From: Arlo Belshee <arlo_at_criticalpath.com>
Date: 2005-01-14 20:08:15 CET

Sorry, I forgot to CC the users list on my previous reply. I'll answer your
questions first, then append the previous note.

 + Server: OS 10.3. Subversion v 1.0.2
 + Client: Win XP, fast hardware, NTFS. 2 Subversion clients (similar
results with each): Tortoise, svn command-line client. Both are the ones for
svn 1.0.2.
 + Access via svn+ssh. Normally with key agents, but using manual password
for timing (so I can tell allocate time to a finer granularity). Total time
similar with keys and passwords.
 + Clients run both virus scanner and firewall (standard corporate config).

I haven't collected the data already, but I can regenerate it, given time.

Before I do so, however, I can give you estimates. Each estimate gives three
times. The first is the time before the client prompts me for my ssh
password.
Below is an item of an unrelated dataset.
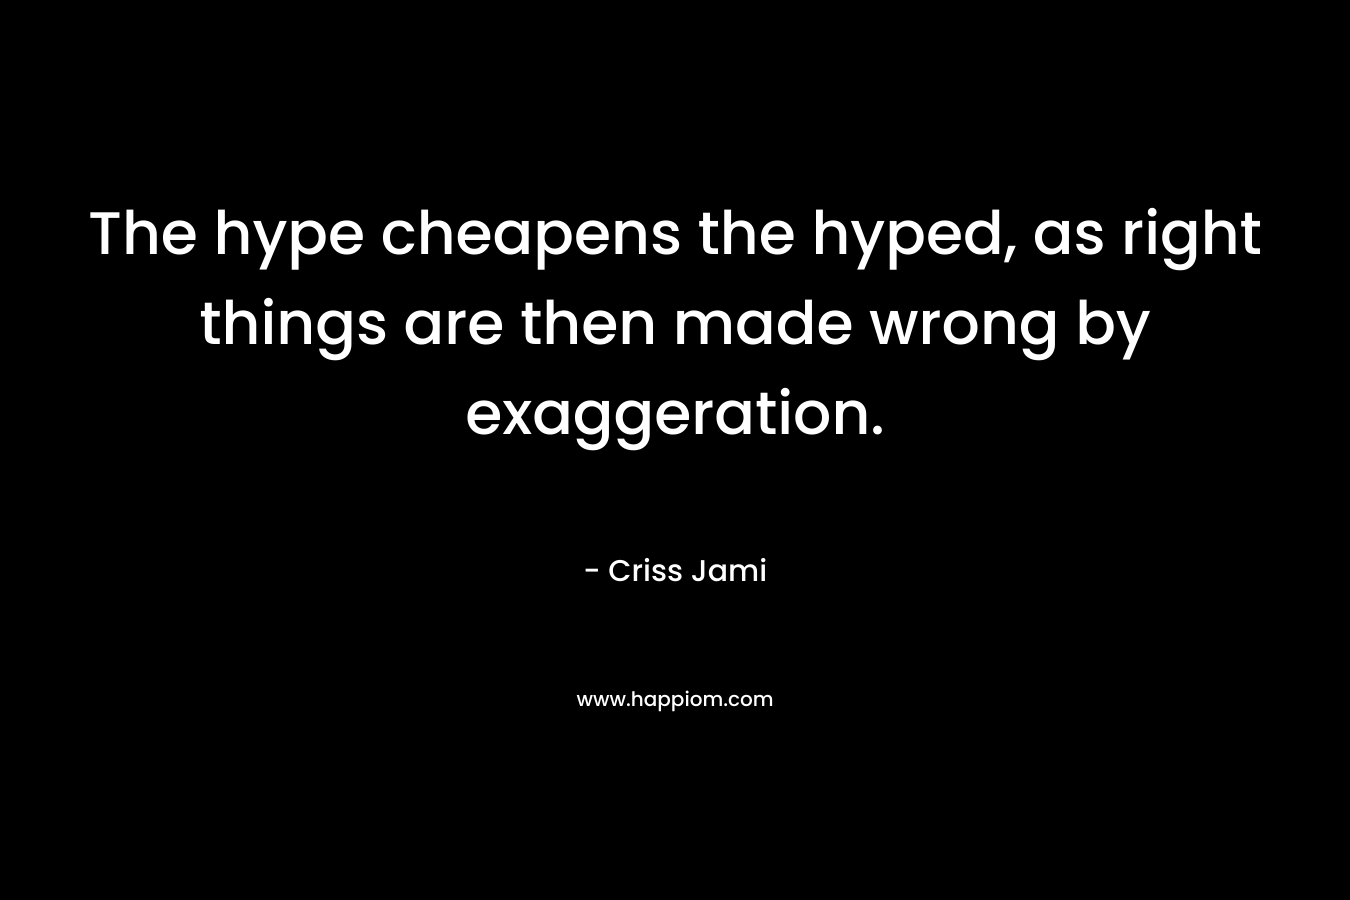 The hype cheapens the hyped, as right things are then made wrong by exaggeration.

The second is the time performing the operation. The third is the
time starting when the operation states its result and ending when the
client process exits.

I use both tortoise and the command-line clients. The times are similar for
both clients. All operations are done from the root of a tree with around
25K folders and 1.5GB of files.

Operation 1: Update when already up to date: 10 min / 5 sec / 5 min
Operation 2: Commit (changed one 25 byte file, in top dir): 10 min / 10 sec
/ 5 min
Operation 3: Cleanup, after killing an update while it is asking for ssh
password: 5 min

When performed on smaller subtrees, the first and third measurements drop
drastically. I have not performed experiments to determine whether the
durations are due to the number of files (lots) or the number of folders in
the subtree. Timing results are certainly proportional to size of subtree,
but have not measured, so don't know O() for the algorithm.
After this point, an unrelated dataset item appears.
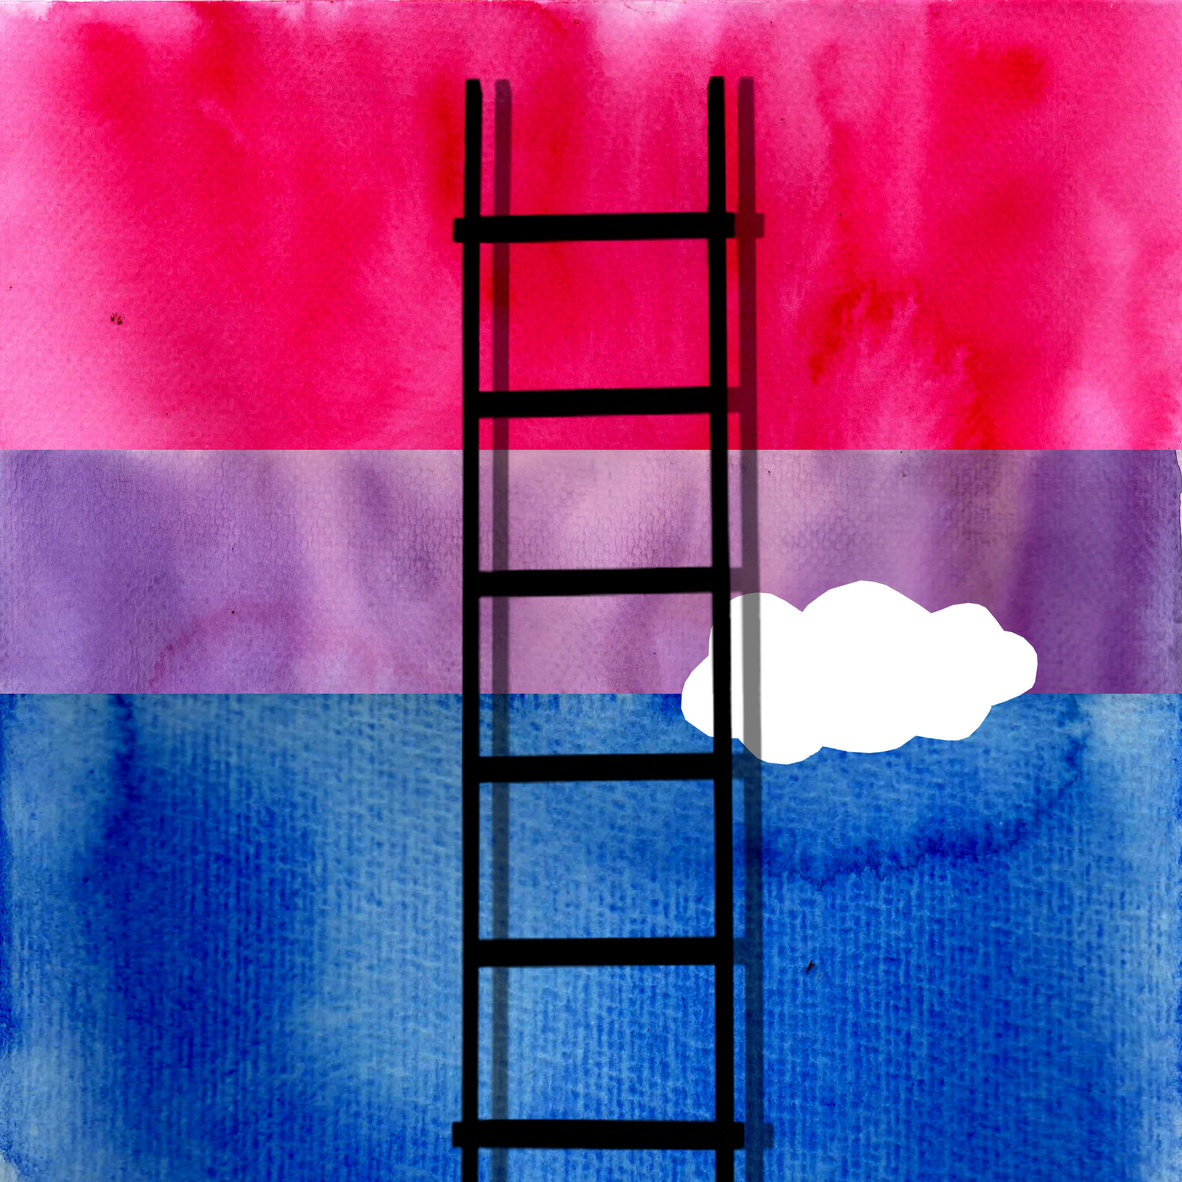 Illustration about bisexuality for Roseaux magazine

Performing the same operations on the same system but with smaller subtrees
(eg, 3 directories & 10 MB of data files) result in times like the
following:

Operation 1: 2 sec / 5 sec / instant
Operation 2: 2 sec / 10 sec / instant
Operation 3: instant

"instant" means too small to measure. May be as long as 1 sec, from time to
time.

Let me know if you want accurate, complete data. It'll take me a while to
generate and record it, so I'd rather not if you can get by without it.

Thanks for looking into this. We chose svn partly for its performance, and
this is the only place where its performance hasn't been all that we
desired. Thanks for producing a good product.

Arlo

-----Original Message-----
From: Erik Huelsmann [mailto:ehuels@gmail.com]
Subject: Re: Svn scaling issue

On 14 Jan 2005 11:37:56 -0600, kfogel@collab.net <kfogel@collab.net> wrote:
> Could you give an exact transcript of the operations you tried, and
> how long they took, and anything else you noticed? I just want to
> make sure this really is the same problem as issue #1452.
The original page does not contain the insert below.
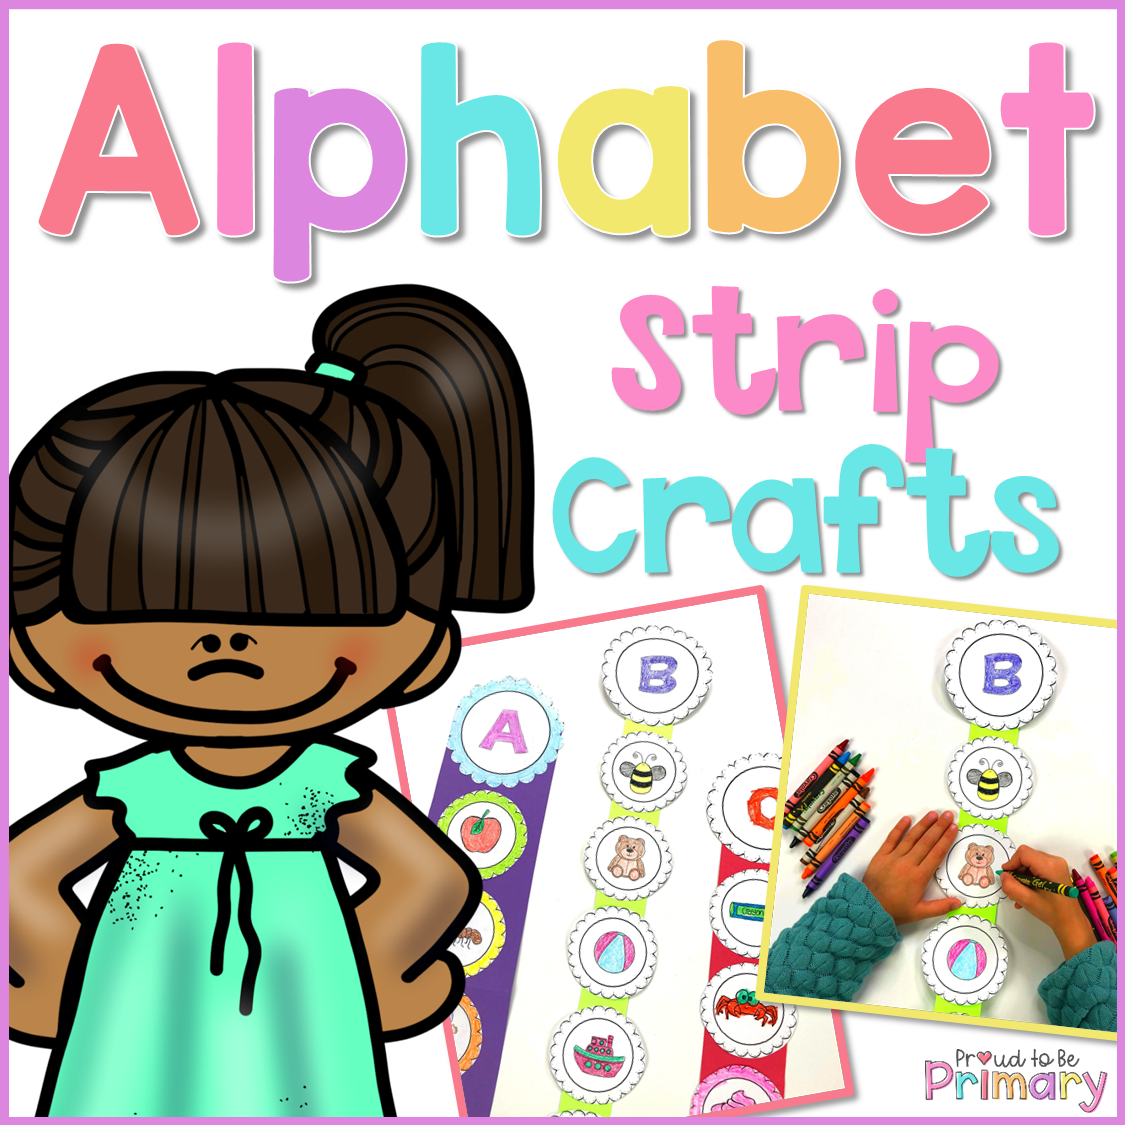 Alphabet Letter Sounds Strip Crafts - Proud to be Primary

Could you also - please - include:

- server platform (hardware / OS)
- client platform (hardware / OS / Filesystem)
- presence of a virusscanner on the client ?
- Subversion version you used
- Server access method (http://, svn://, svn+ssh://)
- any other component relevant to performance?

There are a real large number of variables here. Just stating
'Subversion is slow' is hard to help you with. Even with a transcript.

bye,

Erik.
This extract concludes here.